Chocolate Bark with Pistachios & Dried Cherries

Recipe by Bill Bradley, Executive Chef,  New England Aquarium

With the news that dark chocolate contains some healthful properties, there is a better excuse than ever to indulge during the holiday season. Specks of green pistachios and red dried cherries in this chocolate confection make for a festive holiday gift.  Try with orange zest or hot pepper flakes as well.  The trick is to have all ingredients ready before you melt the chocolate.  I prefer the microwave since water and chocolate do not like each other.

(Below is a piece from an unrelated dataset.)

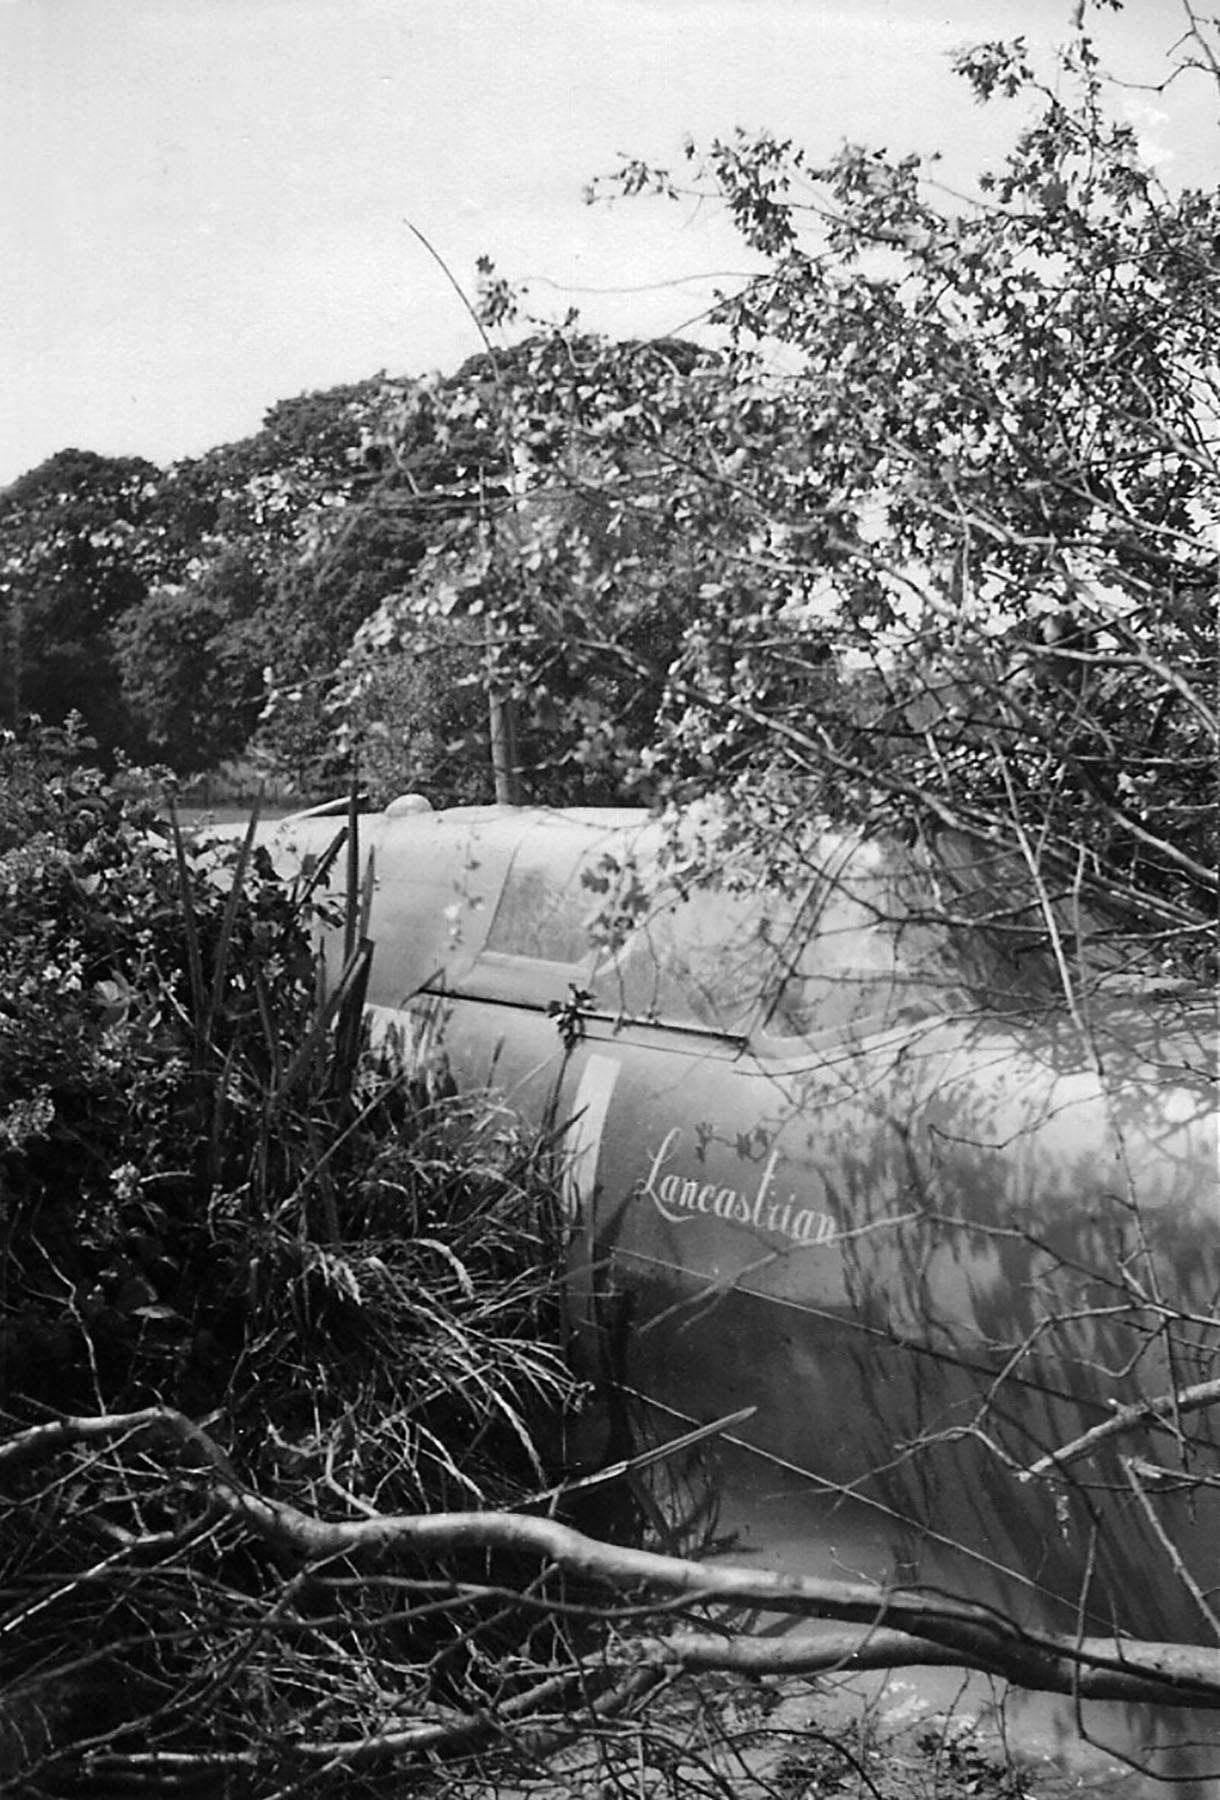 Spitfire MkVb RAF 92Sqn QJB Clive Wawn Lancastrian W3410 Beachy Head 01

  • 3/4 cup roasted, shelled pistachios, (3 ounces), coarsely chopped
  • 3/4 cup dried cherries, or dried cranberries
  • 2 Tablespoons crystallized ginger, chopped fine
  • 24 ounces bittersweet chocolate, finely chopped, divided
  • 1 Tablespoon sea salt
  • 1 Tablespoon fresh thyme leaves, chopped


  1. Line the bottom and sides of a jelly-roll pan or baking sheet with foil. (Take care to avoid wrinkles.) Toss pistachios with cherries (or cranberries), ginger, sea salt and thyme in a medium bowl. Divide the mixture in half.
  2. Melt 18 ounces chocolate in a double boiler over hot water. (Alternatively, microwave on low in 30-second bursts.) Stir often with a rubber spatula so it melts evenly.
  3. Remove the top pan and wipe dry (or remove the bowl from the microwave). Stir in the remaining 6 ounces chocolate, in 2 additions, until thoroughly melted and smooth.
  4. Add the pistachio mixture  to the chocolate; stir to mix well. Working quickly, scrape the chocolate onto the prepared pan, spreading it to an even 1/4-inch thickness with a rubber spatula. Sprinkle the remaining pistachio mixture on top; gently press it into the chocolate with your fingertips. Refrigerate, uncovered, just until set, about 20 minutes.
  5. Invert the pan onto a large cutting board. Remove the pan and peel off the foil. Using the tip of a sharp knife, score the chocolate lengthwise with 6 parallel lines. Break bark along the score lines. Break the strips of bark into 2- to 3-inch chunks.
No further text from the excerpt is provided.